Process quality measures are usually defined as the number of patients who received the treatment divided by the number of patients who were identified as needing the treatment; however, alternatives have been proposed that may be less sensitive to denominator management. Bradley et al. examined a “population-based” quality measure defined as patients both screened and treated divided by all patients.10 Such population-based measures might encourage both high-quality screening and treatment, and their denominators are virtually ungameable. However, this concept ignores real between-facility differences in the prevalence of screen-positive patients. Another option is to model the expected case-mix and regionally-adjusted denominator prevalence of qualifying patients using epidemiologic data.21 Due to complexity and probably opacity, the use of modeled denominators in quality measures would probably meet resistance among those being evaluated, but may have promise as “shadow measures” to detect potential problems with denominator prevalence.

Although almost certain to be unpopular among those being monitored or assessed, and perhaps infeasible in many contexts, another strategy is to not fully disclose the measure specifications. It might be possible to disclose only the details of a measure that pertain to its intended effects. Although unintended numerator management is also possible, not knowing exactly which patients were qualifying for measures might discourage denominator management.

Designing measures that are less easily managed is certainly important. However, given that many existing measures are vulnerable, it is equally important to design and implement “shadow measures” to help quality managers detect denominator management when it occurs. The purpose of shadow measures would be to provide warning signals to quality managers that data from the main quality measures are suspect. The simplest shadow measure could track denominator prevalence.
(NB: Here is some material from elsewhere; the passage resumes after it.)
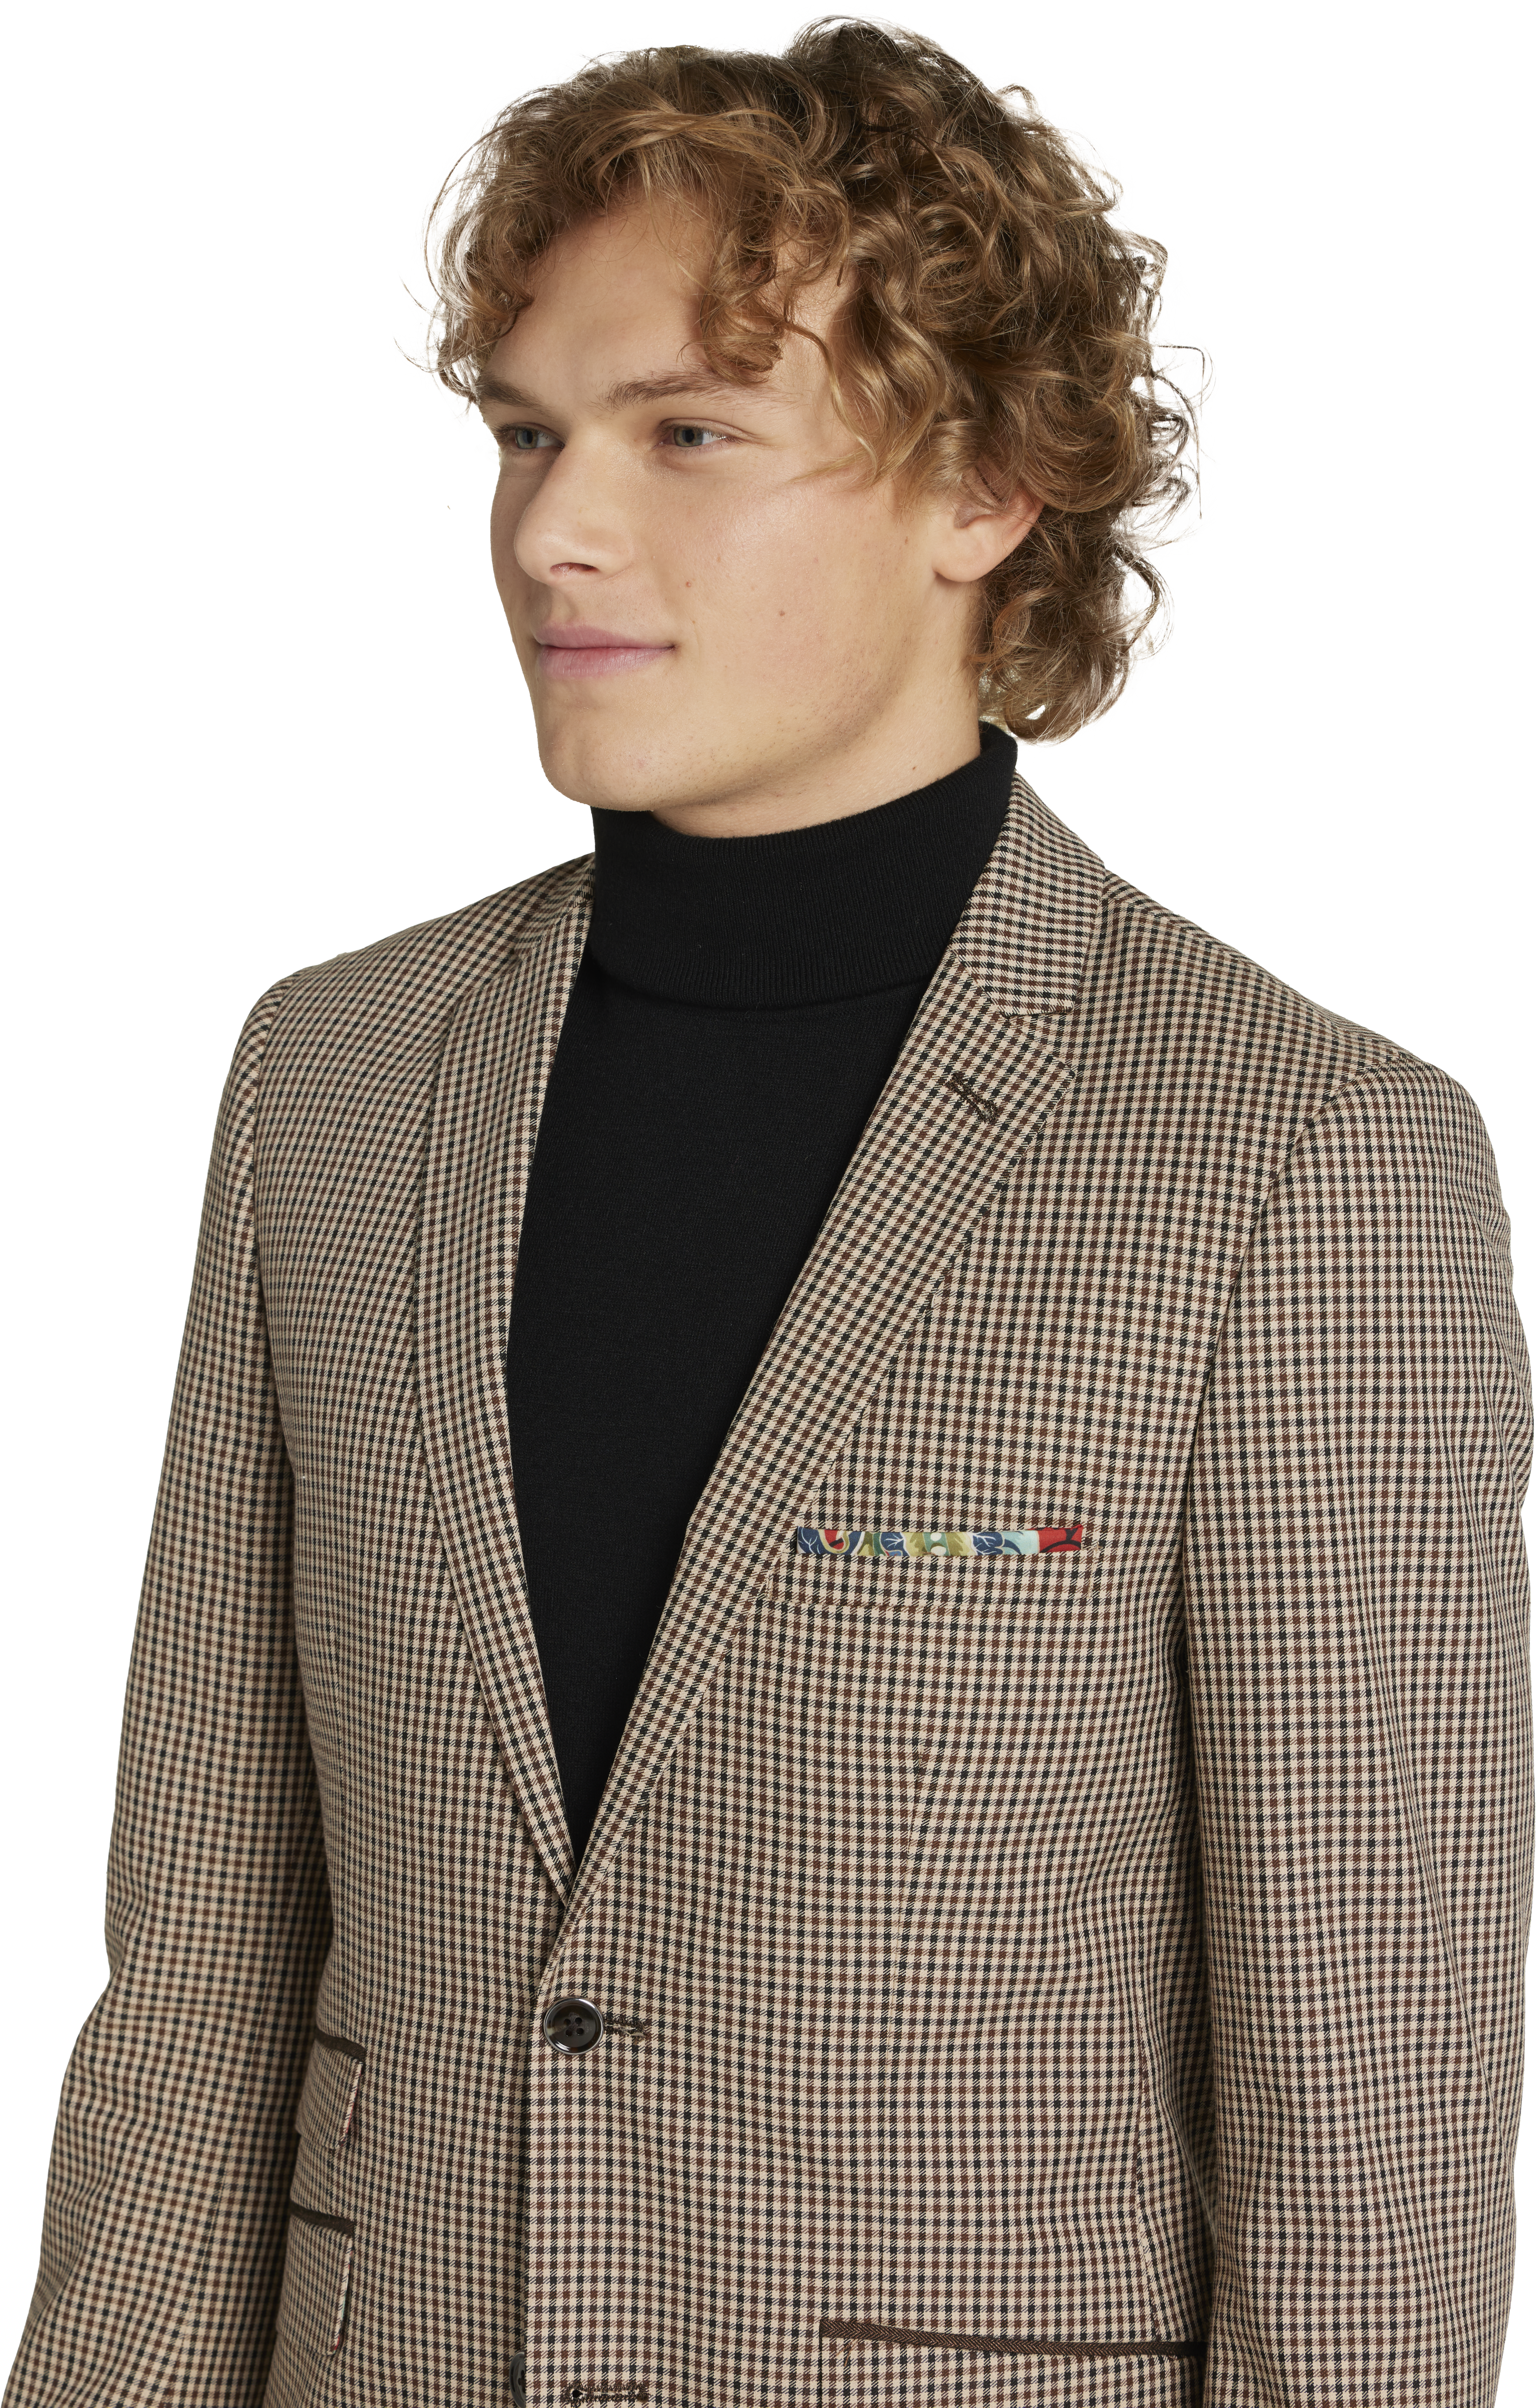 Slim Fit Gingham Suit Separates Jacket

Sizable contractions of denominator prevalence, like those revealed in Fig. 3, could trigger more in-depth investigation to determine if the changes in denominator were justified due to better coding or care management or perhaps evidence of less desirable denominator management. A more refined shadow measure would not only check for changes in and deviation from expected rates of denominator prevalence, but also the composition of the qualified patients. Specifically, if the case-mix of qualified patients changed after a measure was implemented, as has been found elsewhere,12,13 performance measure-motivated patient selection might be suspected. It may be possible to develop a method to penalize measured performance by the extent to which it is caused by undercounting the target population. Developing observed-expected measures of denominator prevalence might be feasible where high quality epidemiologic data exist.21

Several limitations of the current study are worth noting. First, the examined data are over a decade old, and the CoC measure is no longer emphasized by VA. However, the purpose of this study was to examine if changes in measured performance can be due to denominator restriction rather the intended changes in the numerator. As such, these analyses are not meant to inform implementation and interpretation of the CoC measure, but rather to highlight the general problem of denominator management. It is also possible that providers’ responses to incentives may have changed over time given the increased prevalence of incentives. Second, the reason that denominator prevalence was falling before the measure was implementated is unknown. Third, although interupted time series is a strong quasi-experimental design,17,18 the lack of randomly selected or matched control series makes causal inference tenuous.

Developing quality measures that stimulate intended measurement reactivity while avoiding unintended reactivity is challenging. Previous research and the results from this study have shown that denominator management may be a real threat to quality measure validity. These findings should motivate the development of measures that are less vulnerable to denominator management, and the exploration and evaluation of “shadow measures” to monitor and reduce undesirable denominator management.